The X-Men movies, like Batman and Superman before them, have gone through many different permutations over the years, each time trying desperately to please fans of the comic and kowtow to the demands of the cinema. Below, and during the next two X- centric posts, we cover a few examples of how the filmmakers attempted to do both:
Easter Eggs & Character Cameos
Any fanboy filmmaker worth his salt knows that you can't please everyone all the time. There are simply too many characters - and too much mythology packed into years and years of comic book lore - to properly service them all in a single film. Bryan Singer (pictured, above) knew this intrinsically from the start; as if making penance for this, he loaded X-Men 1 with a handful of Easter Eggs and character cameos for generations of X-fans.
First, Singer plays a friendly game of "Spot the 'X's" - hiding subliminal symbols throughout the movie to help enhance our viewing X-perience. (As far as I can tell, this is by no means meant as an homage to Howard Hawks' Scarface: The Shame Of A Nation, in which subliminal "x"s foreshadow violence and death.) How many "x"s can you spot in the following stills?

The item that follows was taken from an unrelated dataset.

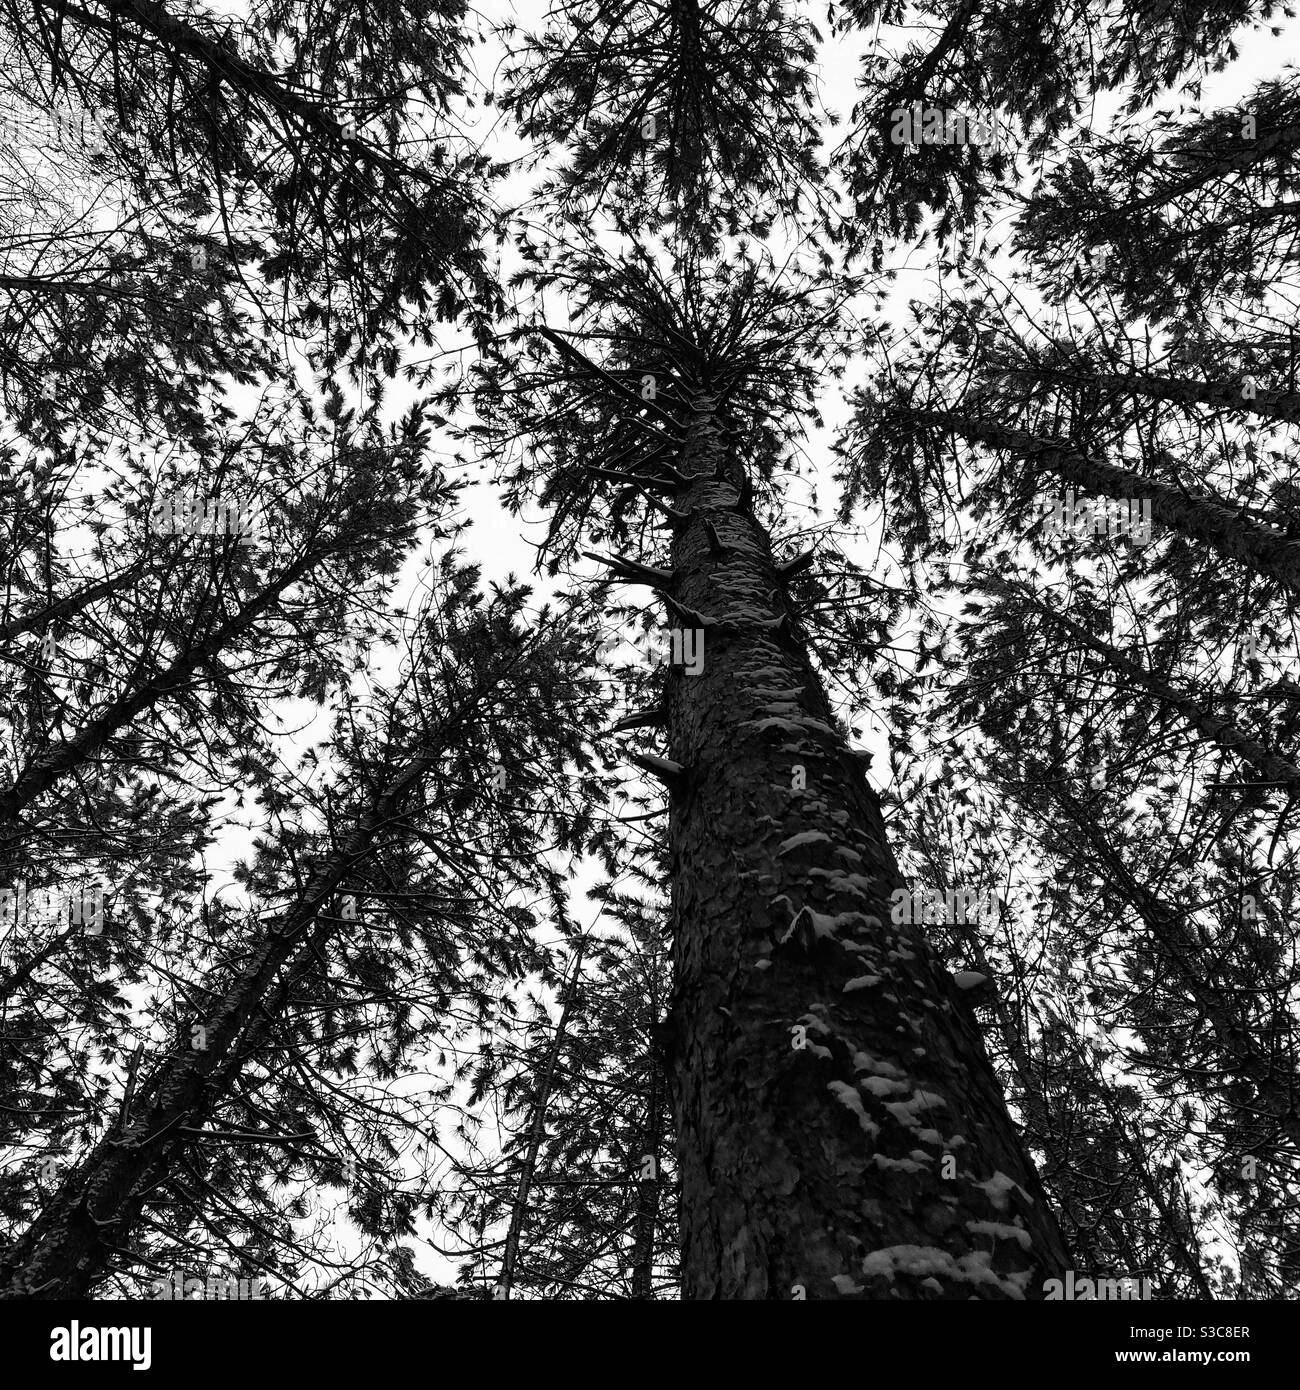 Vue sur les arbres à feuilles persistantes dans une forêt enneigée Banque D'Images

Although fan favorites Beast, Angel and the Blob were cut from initial script drafts due to budget cuts (and also because non-fans wouldn't be able to stomach such fantastical characters), Singer managed to include walk-ons from Iceman, Kitty Pryde and Colossus at Xavier's school, presumably so they could be resurrected for future sequels:
Singer digs even deeper for the sequel, often hiding additional X-Men characters in plain view. Consider this pair of shots, taken from William Stryker's top secret computer files:
The obvious name to notice here is Erik Lensherr's (Magneto). Eagle-eyed viewers will also spot Keniucho Harada (Silver Samurai), Garrison Kane (Weapon X), Remy LeBeau (Gambit), Wanda Maximoff (Scarlet Witch) and Pietro Maximoff (Quicksilver), among others, plus, in that second screencap, files for Omega Red, Project Wideawake, and Franklin Richards - son of Mr. Fantastic and the Invisible Woman. (Holy comic book cross-breeding, Batman!)
Even the Danger Room gets a minor shout-out, as seen here in the bowels of Xavier's mansion:
The image is a little blurry, but just over Stryker's shoulder, on the door in front of him, is a plaque that reads, simply, "DANGER" - either a semi-subtle nod to the X-Men's infamous holographic training area (because that's all the budget would allow) or there's stuff going on behind closed doors we don't want to know about.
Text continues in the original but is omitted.